Neural network genetic algorithm function extreme value optimization

Hello everyone, I am taking me to ski!

For unknown nonlinear functions, it is difficult to find the extreme value of the function only through the input and output data of the function. This type of problem can be solved through neural networks combined with genetic algorithms, using the nonlinear fitting capabilities of neural networks and the nonlinear search of genetic algorithms. Excellent ability to find extreme values of functions.

Table of Contents

1. Problems and models

(1) Solve the problem

(2) Model building ideas

2. Code implementation

(1) BP neural network training

(3) Fitness function

(4) Genetic algorithm main function

1. Problems and models

(1) Solve the problem

Use the neural network genetic algorithm to find the extreme value of the nonlinear function. The expression of the function is:

eq?y=x_{1}^{2} & amp;plus;x_{2}^{2}

The graph of the function is:

157543bae12e437c87c29b16b59ca4fe.jpeg

Through the function image, it can be seen more intuitively that the global minimum value of the function is 0, and the corresponding coordinates are (0, 0).

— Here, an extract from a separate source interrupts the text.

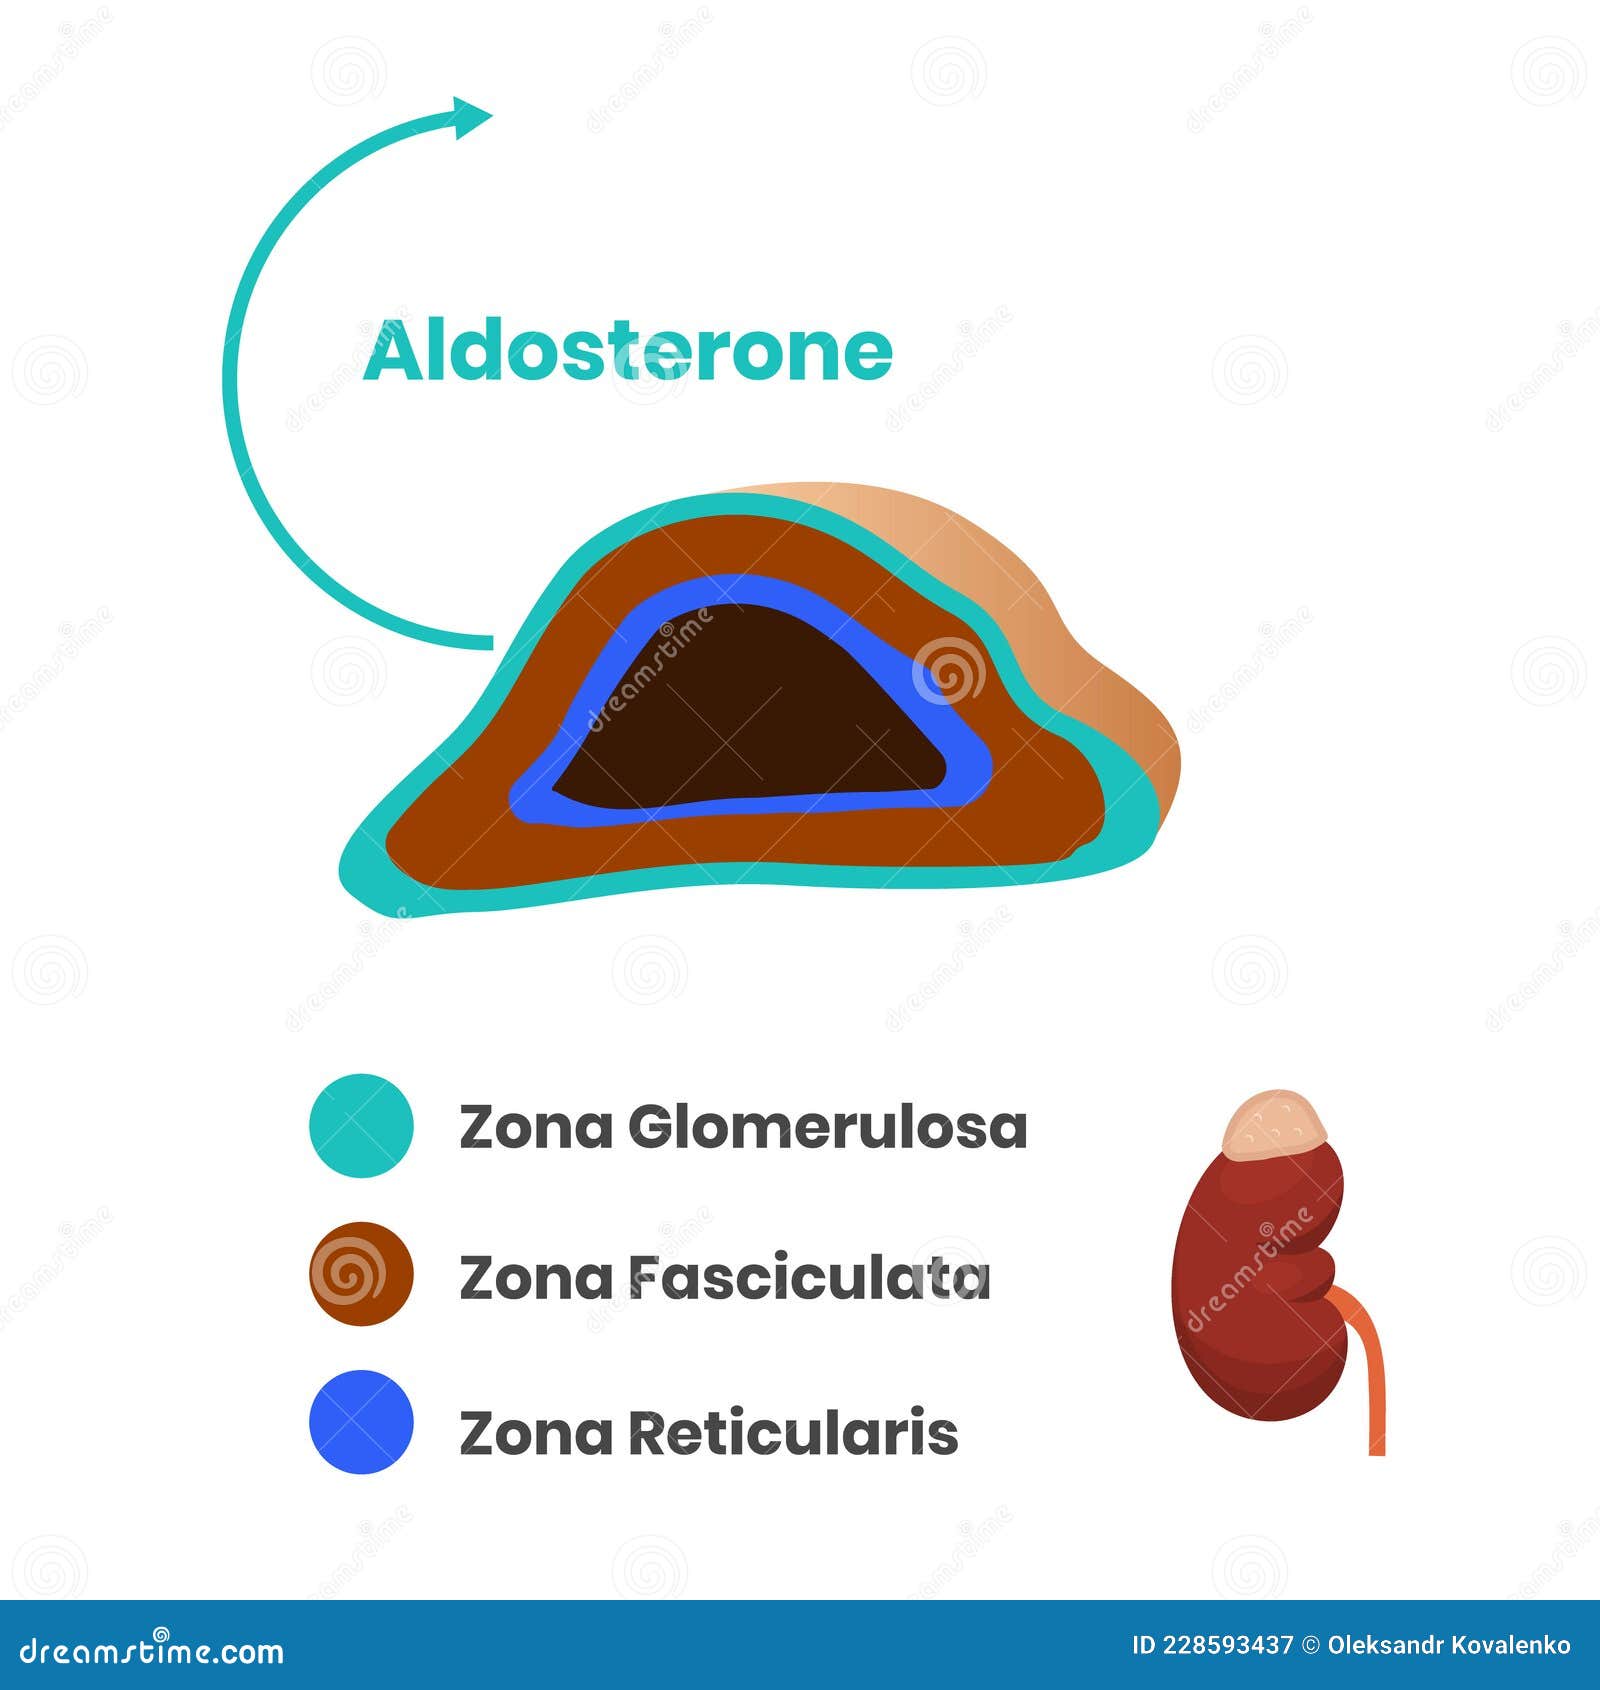 adrenal cortex structure. zona glomerulosa
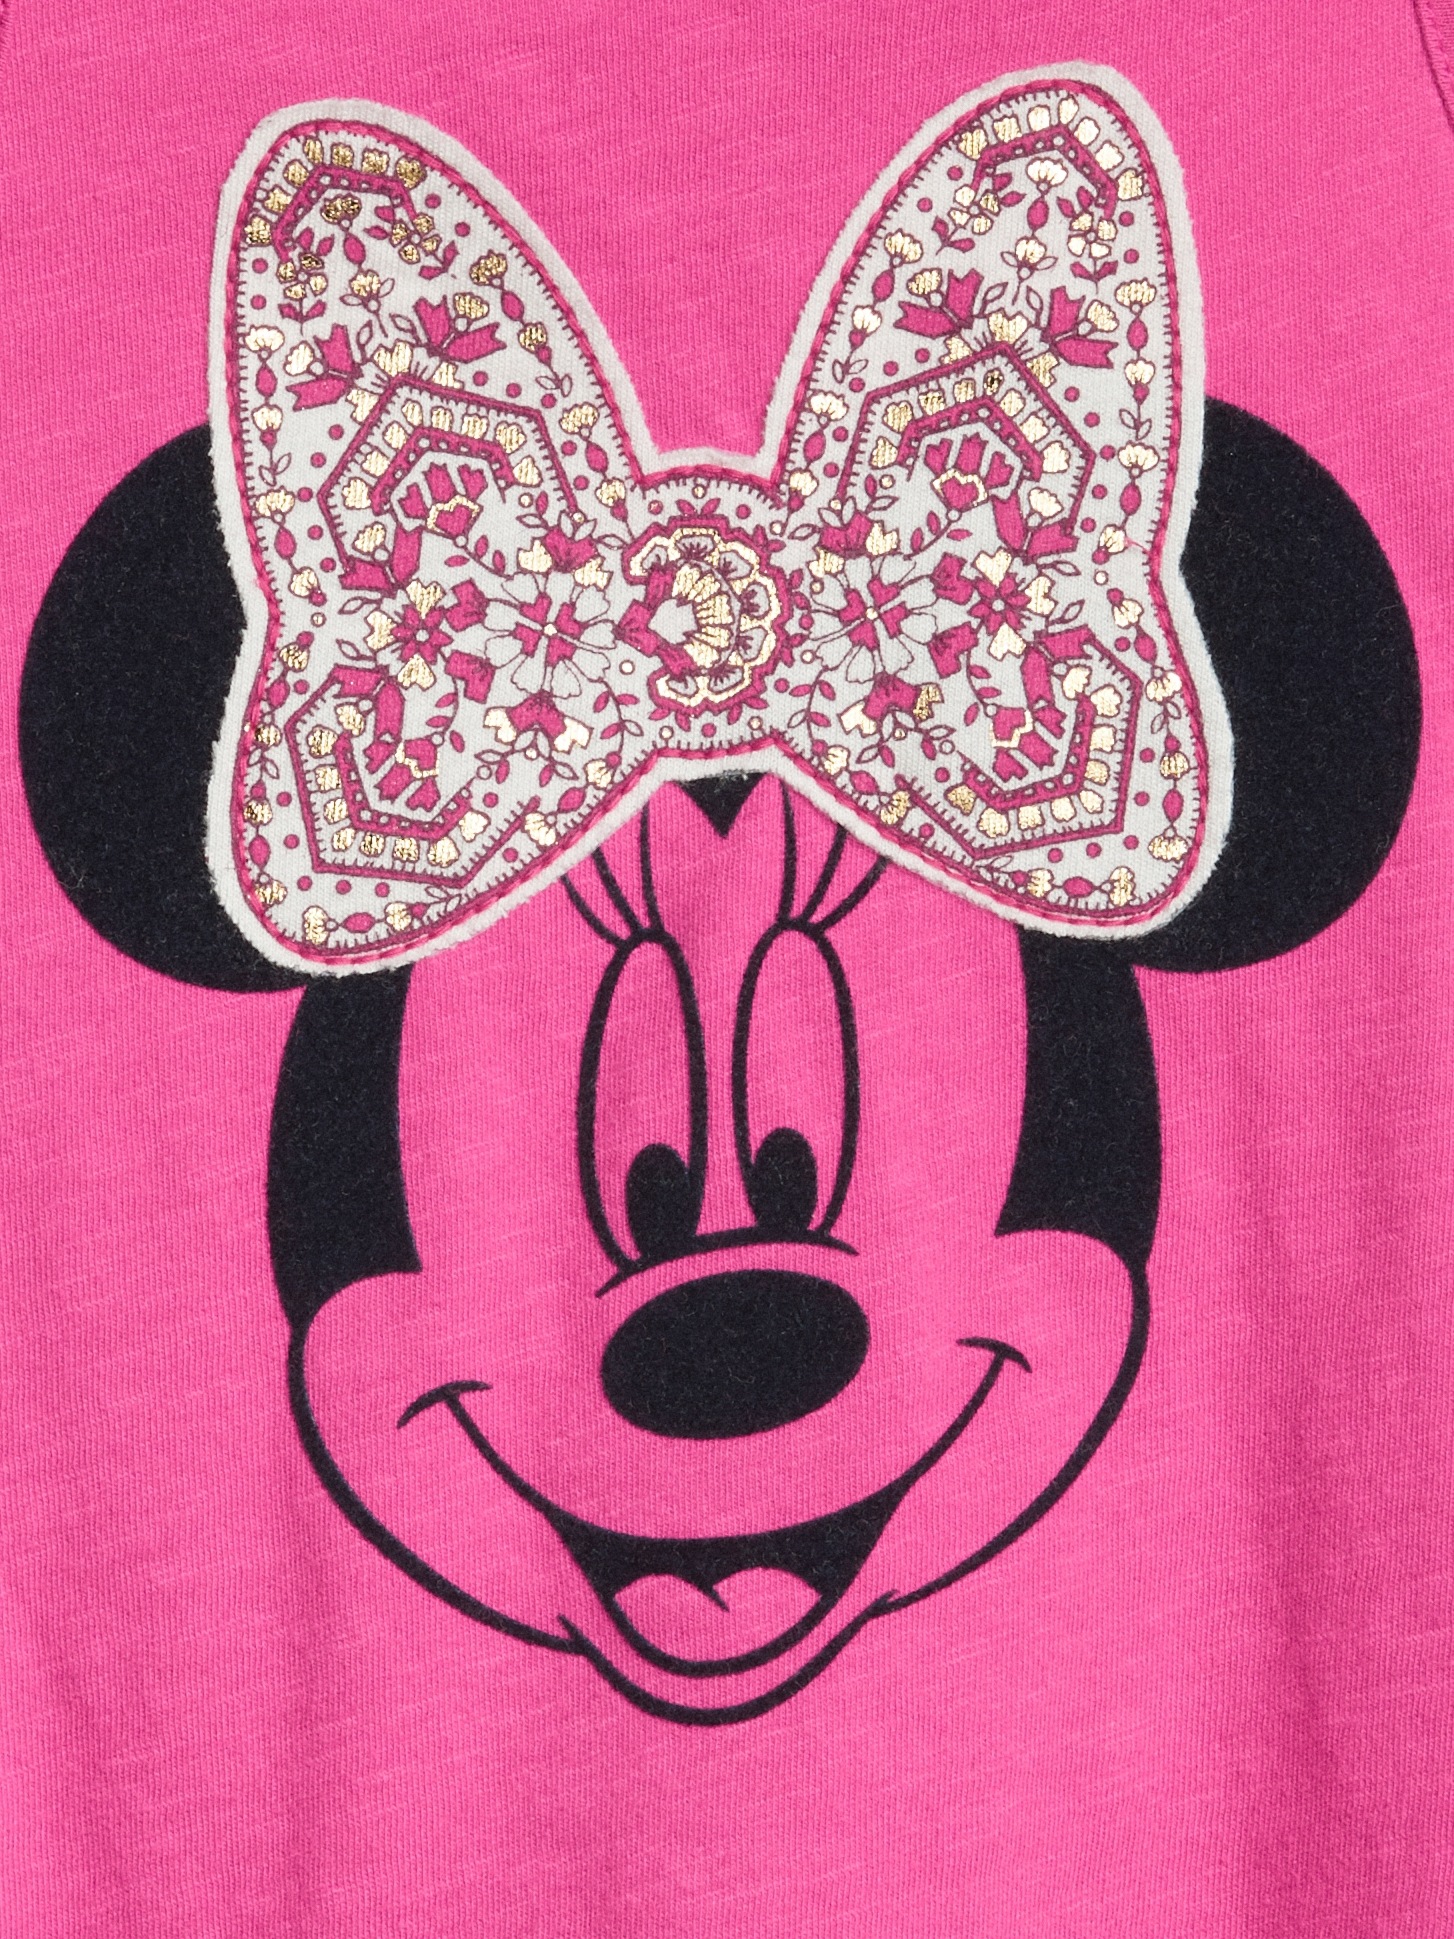 NWT $65, Sz 12m-18m baby Gap x Disney Minnie Mouse Tank Top Shirt Girl Set  of 3

Although it is easy to find the function extreme value and its corresponding coordinates from functional equations and graphs, it is difficult to find the function extreme value and its corresponding coordinates when the function equation is unknown.

(2) Model building ideas

Neural network training and fitting constructs a suitable BP neural network based on the characteristics of the optimization function, and uses the input and output data of the nonlinear function to train the BP neural network. The trained BP neural network can predict the function output. Genetic algorithm extreme value optimization uses the trained BP neural network prediction results as individual fitness values, and finds the global optimal value of the function and the corresponding input value through selection, crossover, and mutation operations.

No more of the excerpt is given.